Action item ->
Transcribe the data exactly. Pictures stay out.

Data ->
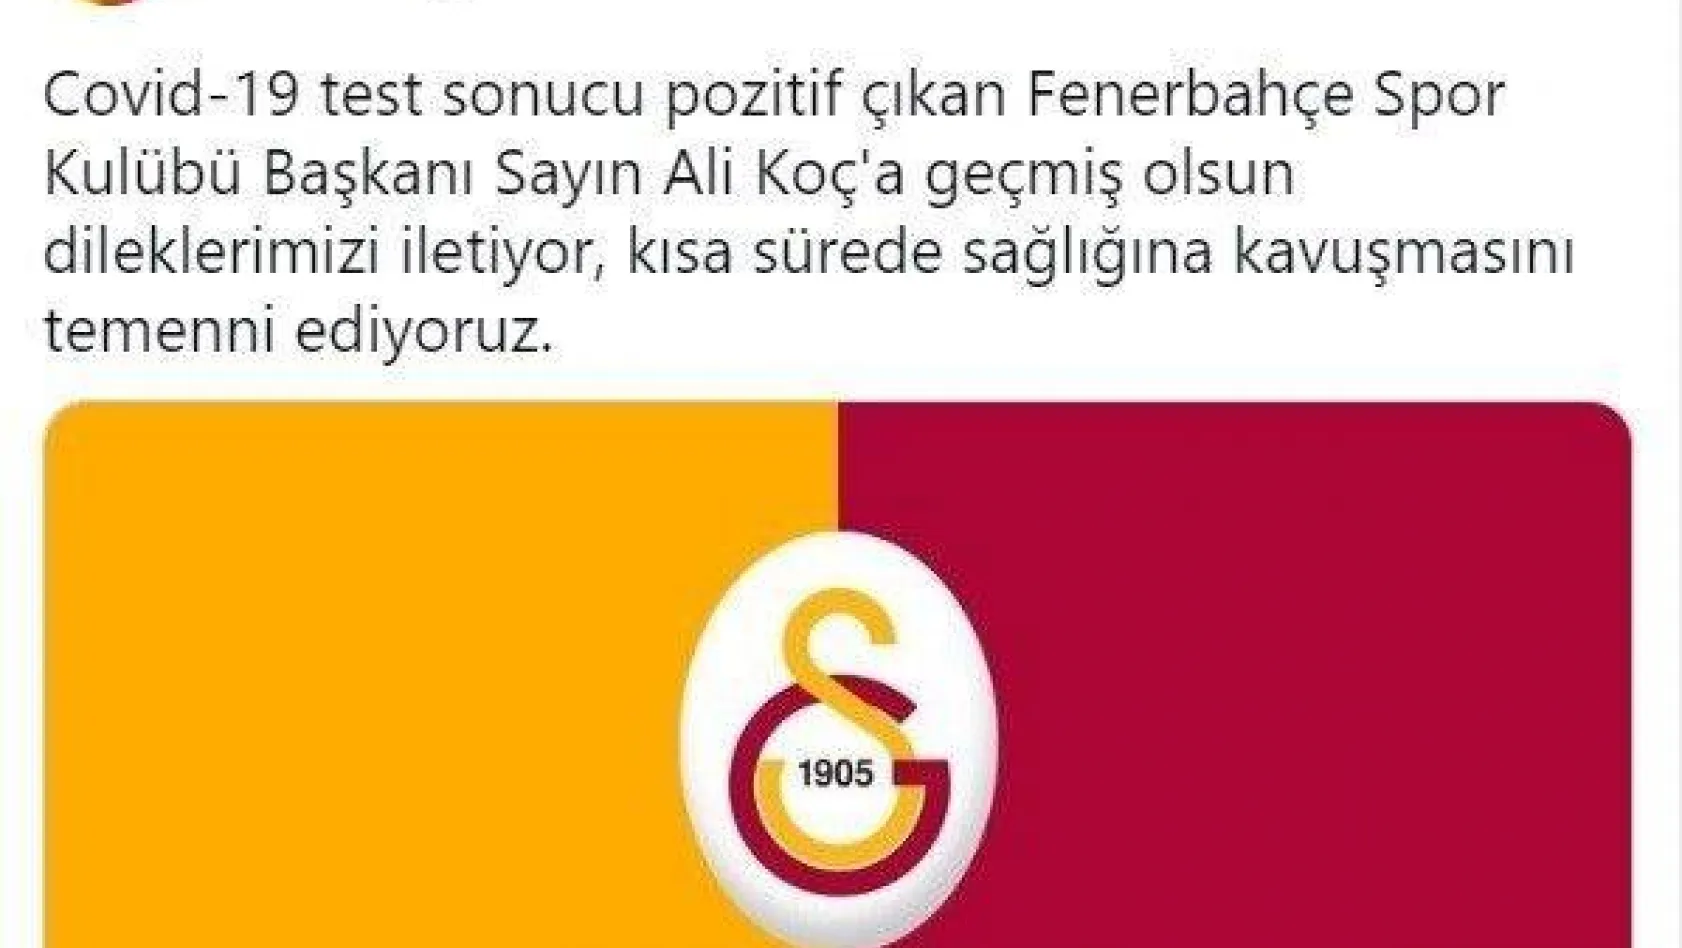 Galatasaray'dan Ali Koç'a geçmiş olsun mesajı
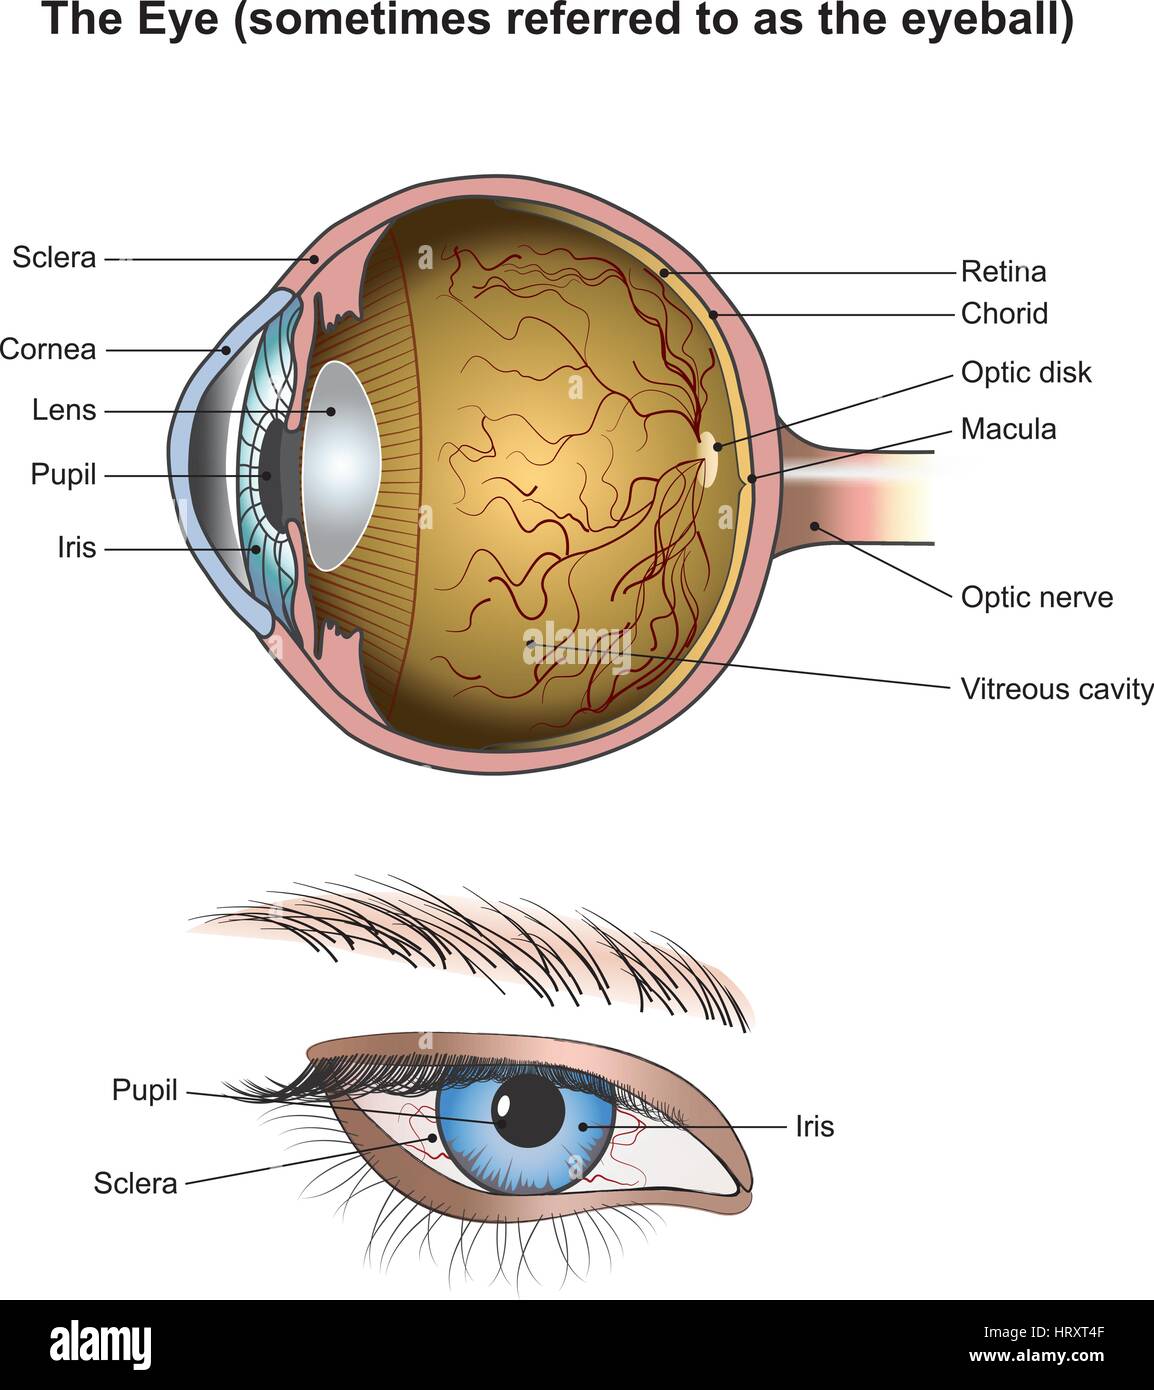 Les yeux sont les organes de la vision. Ils détectent la lumière et la transformer en impulsions électro-chimique dans les neurones. Chez les organismes supérieurs, l'œil est un complexe o Illustration de Vecteur
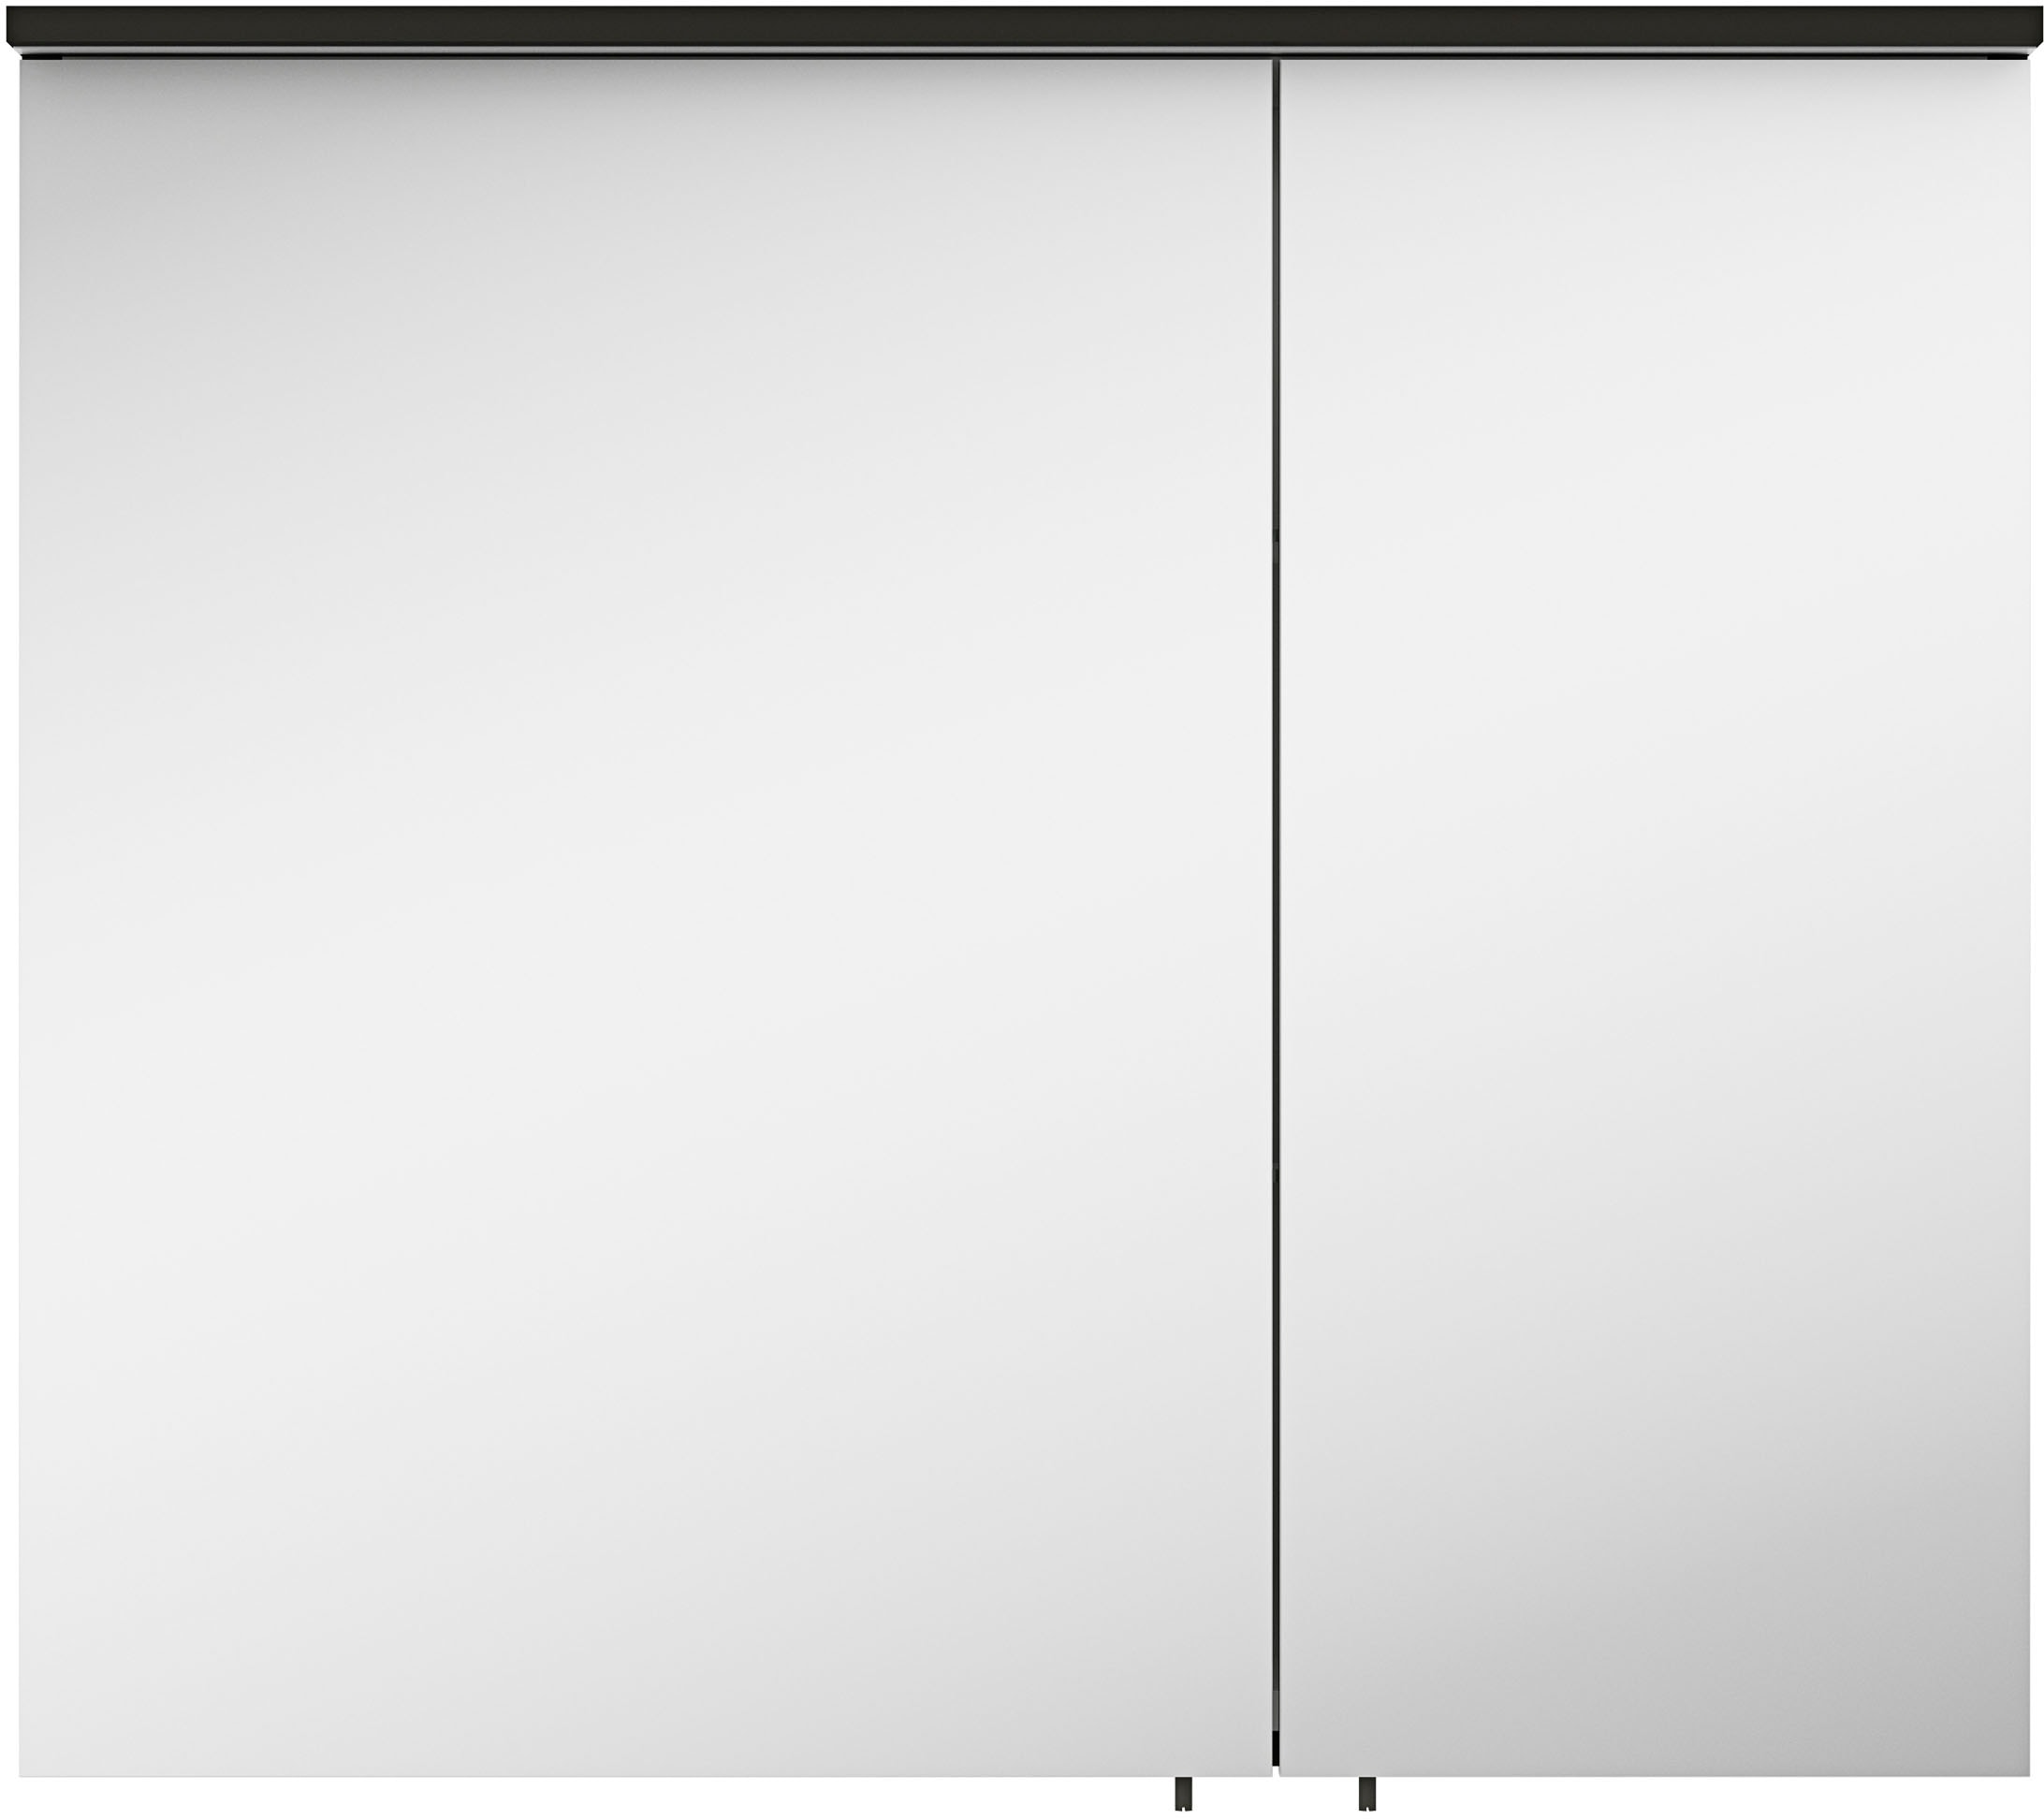 MARLIN Spiegelschrank "3510clarus", 80 cm breit, Soft-Close-Funktion, inkl. Beleuchtung, vormontiert

Written solution ->
 Galatasaray'dan Ali Koç'a geçmiş olsun mesajı
 Les yeux sont les organes de la vision. Ils détectent la lumière et la transformer en impulsions électro-chimique dans les neurones. Chez les organismes supérieurs, l'œil est un complexe o Illustration de Vecteur
 MARLIN Spiegelschrank "3510clarus", 80 cm breit, Soft-Close-Funktion, inkl. Beleuchtung, vormontiert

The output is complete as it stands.